The problem ->
Copy out the listing that follows, exactly, without its pictures.

Dataset extract ->
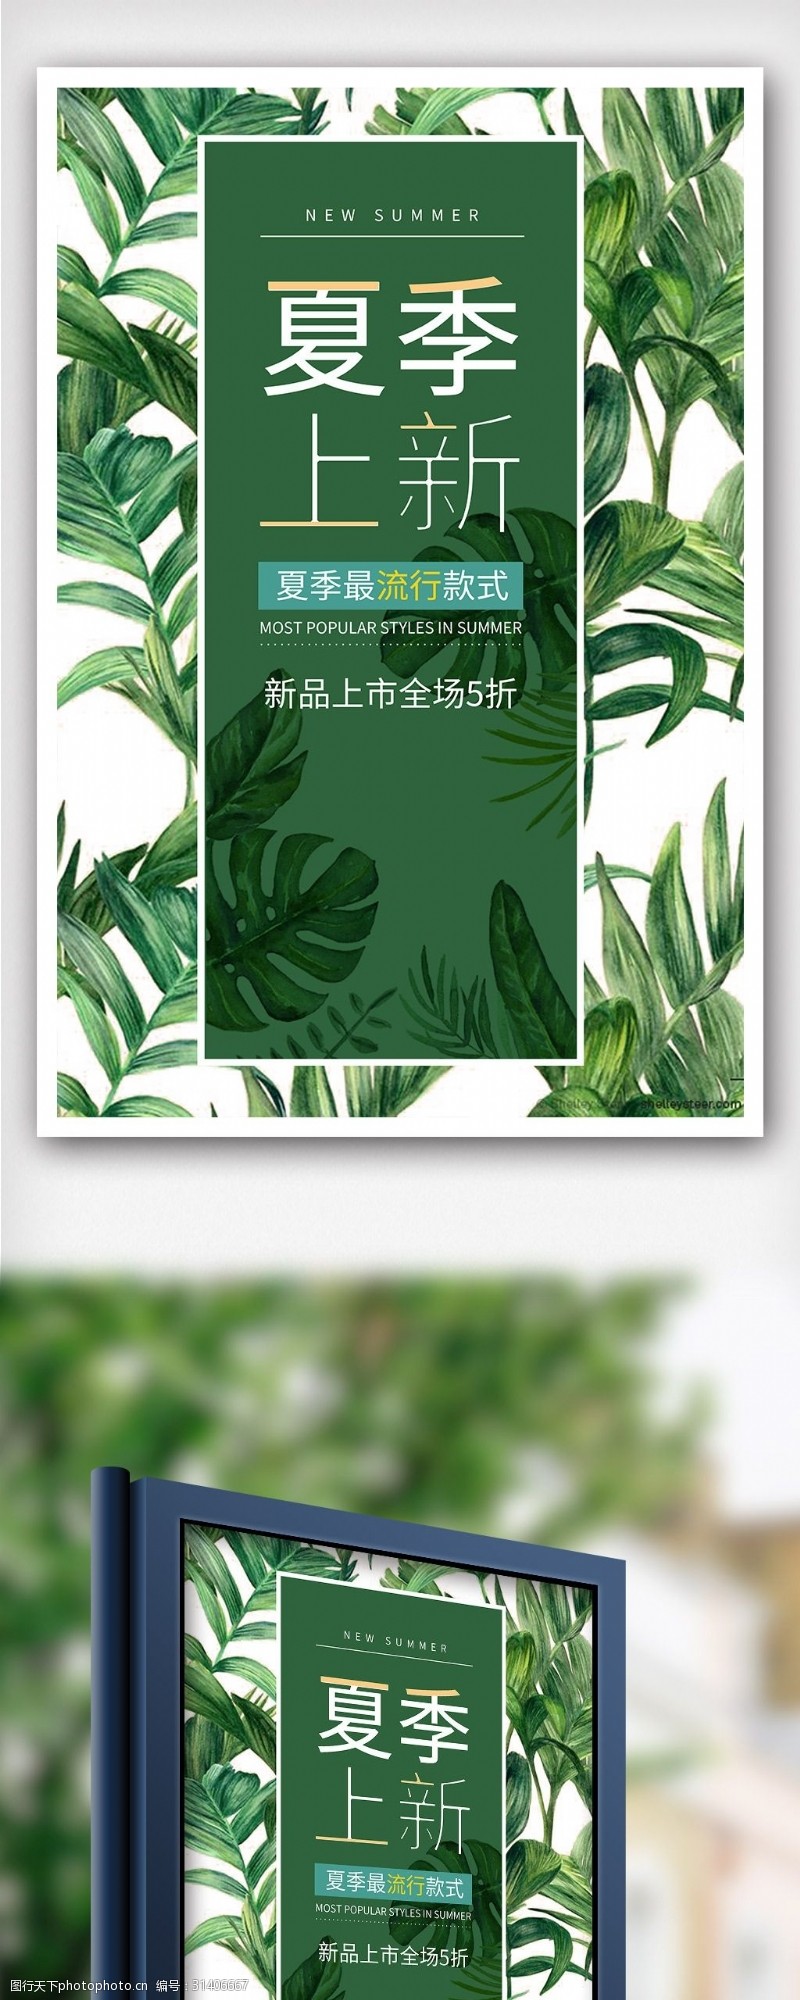 淘宝海报免费下载中国风泼水节民俗风情节日海报
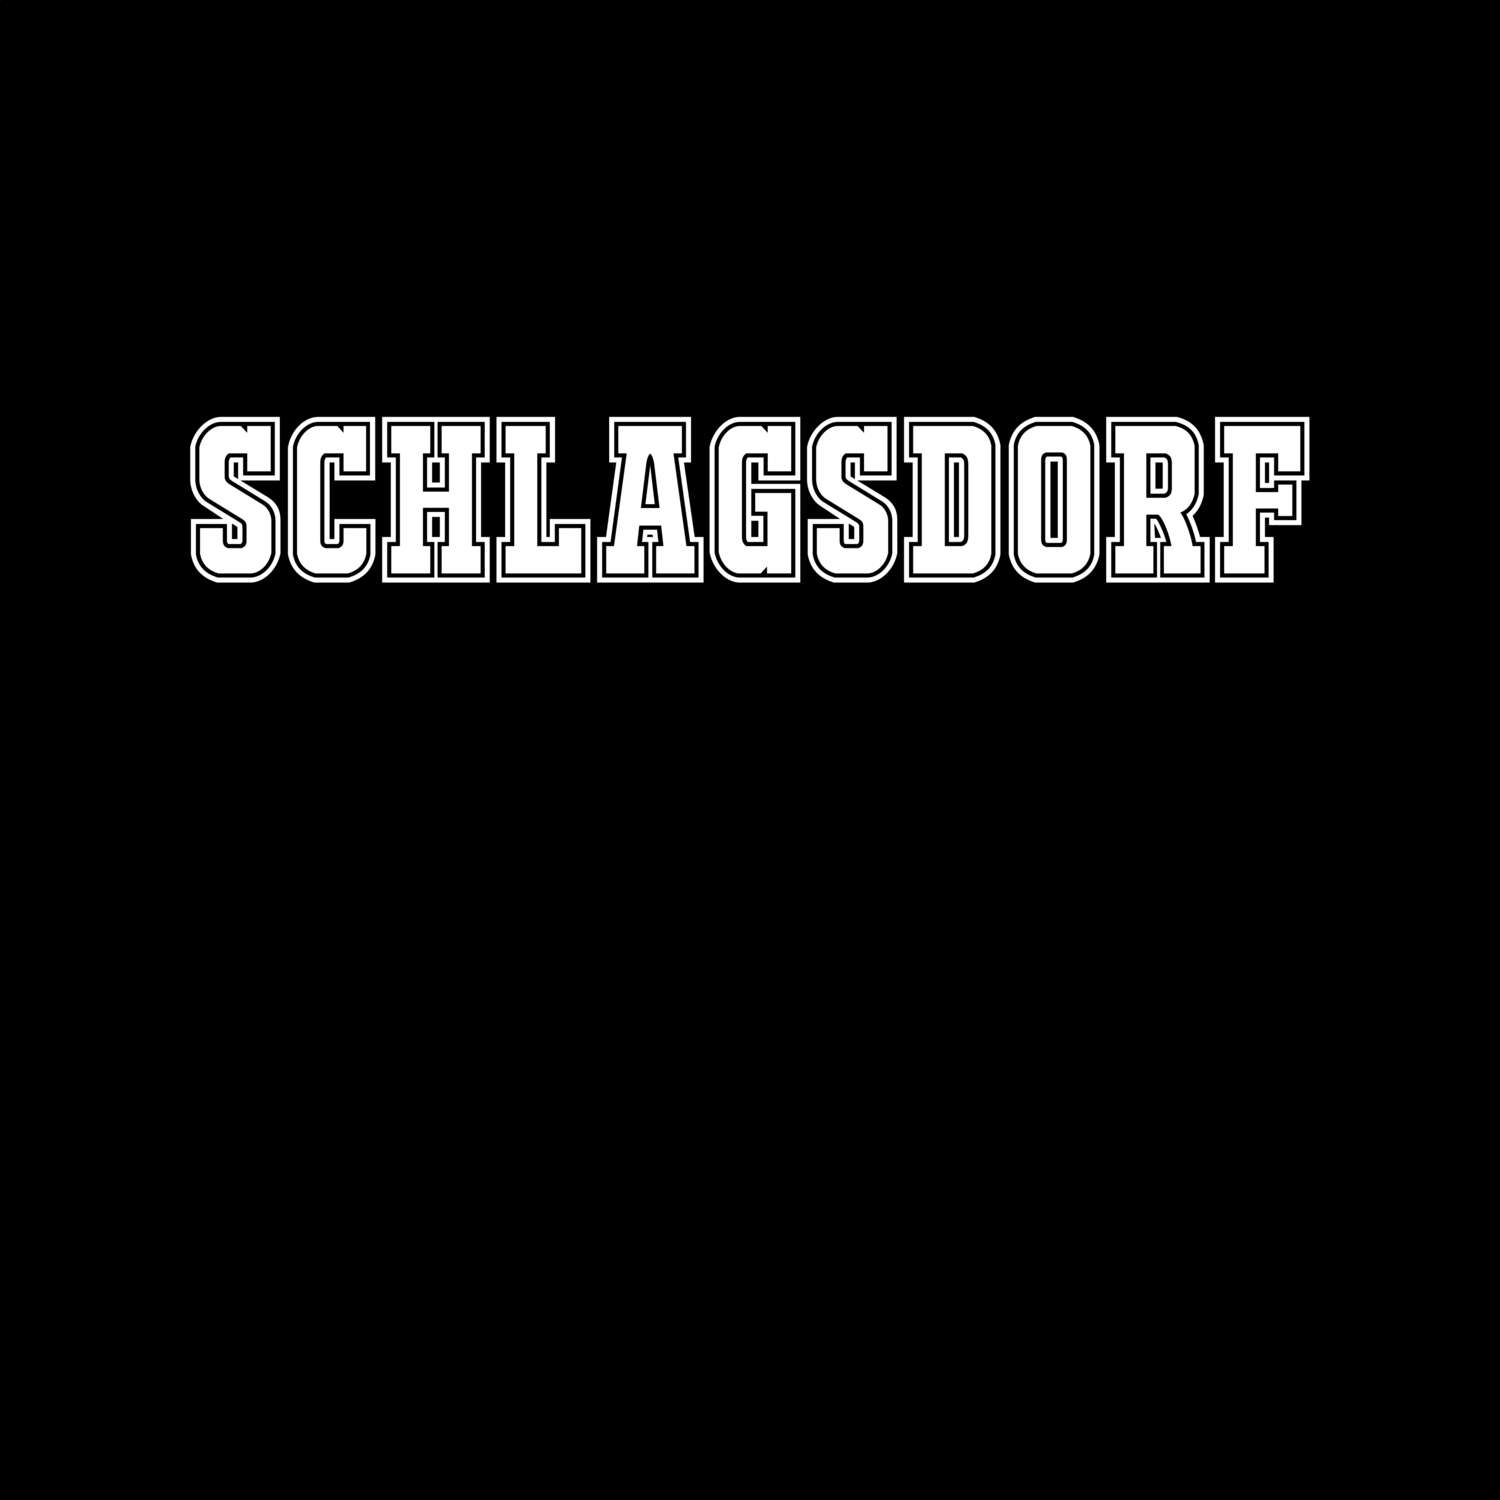 Schlagsdorf T-Shirt »Classic«
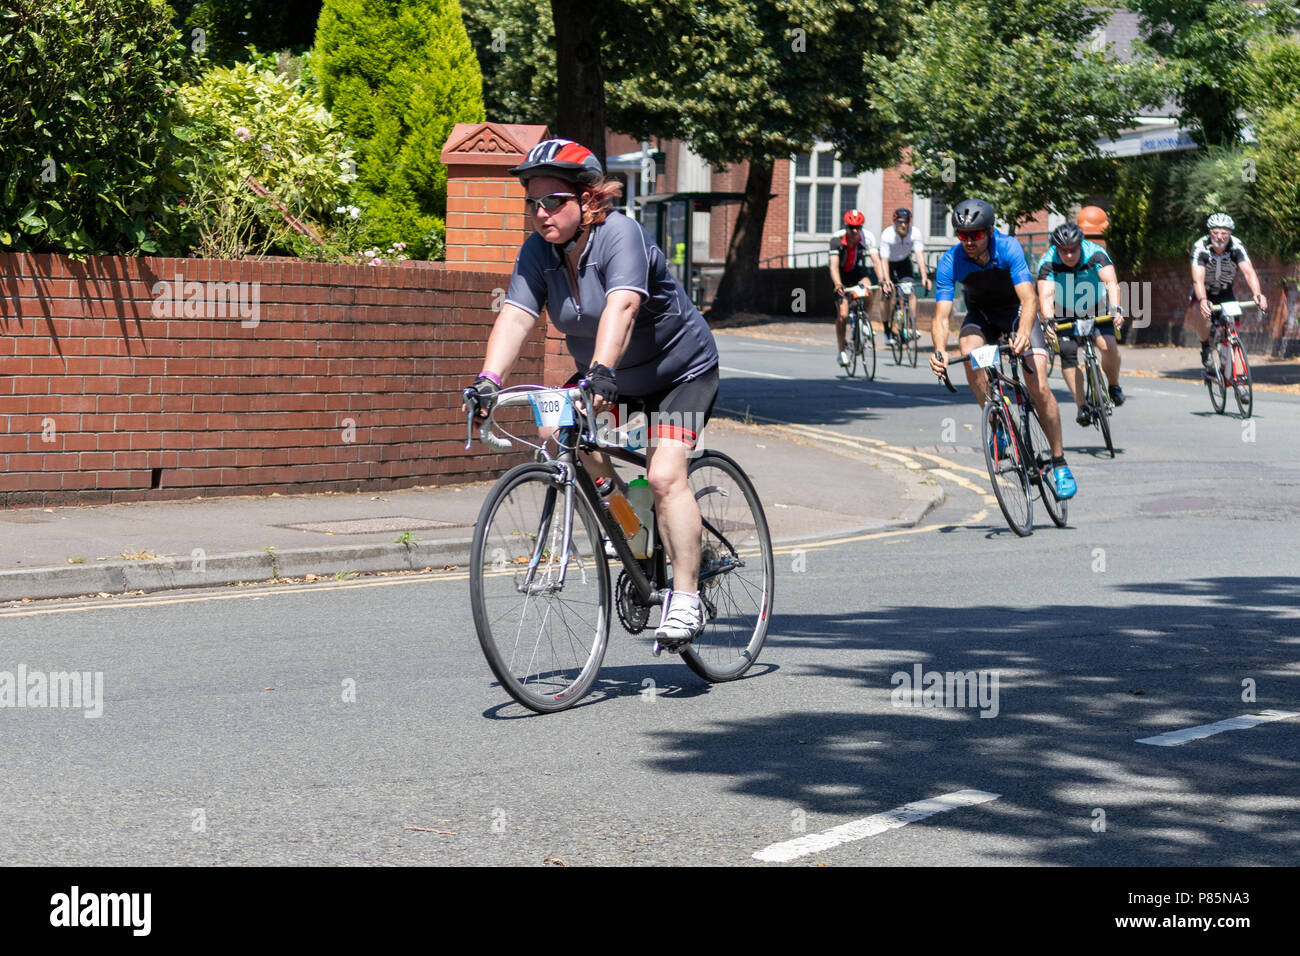 CARDIFF, WALES/UK - 8 juillet : Les cyclistes participant à l'événement cycliste Velothon à Cardiff au Pays de Galles, le 8 juillet 2018. Des personnes non identifiées Banque D'Images

Written answer ->
 淘宝海报免费下载中国风泼水节民俗风情节日海报
 Schlagsdorf T-Shirt »Classic«
 CARDIFF, WALES/UK - 8 juillet : Les cyclistes participant à l'événement cycliste Velothon à Cardiff au Pays de Galles, le 8 juillet 2018. Des personnes non identifiées Banque D'Images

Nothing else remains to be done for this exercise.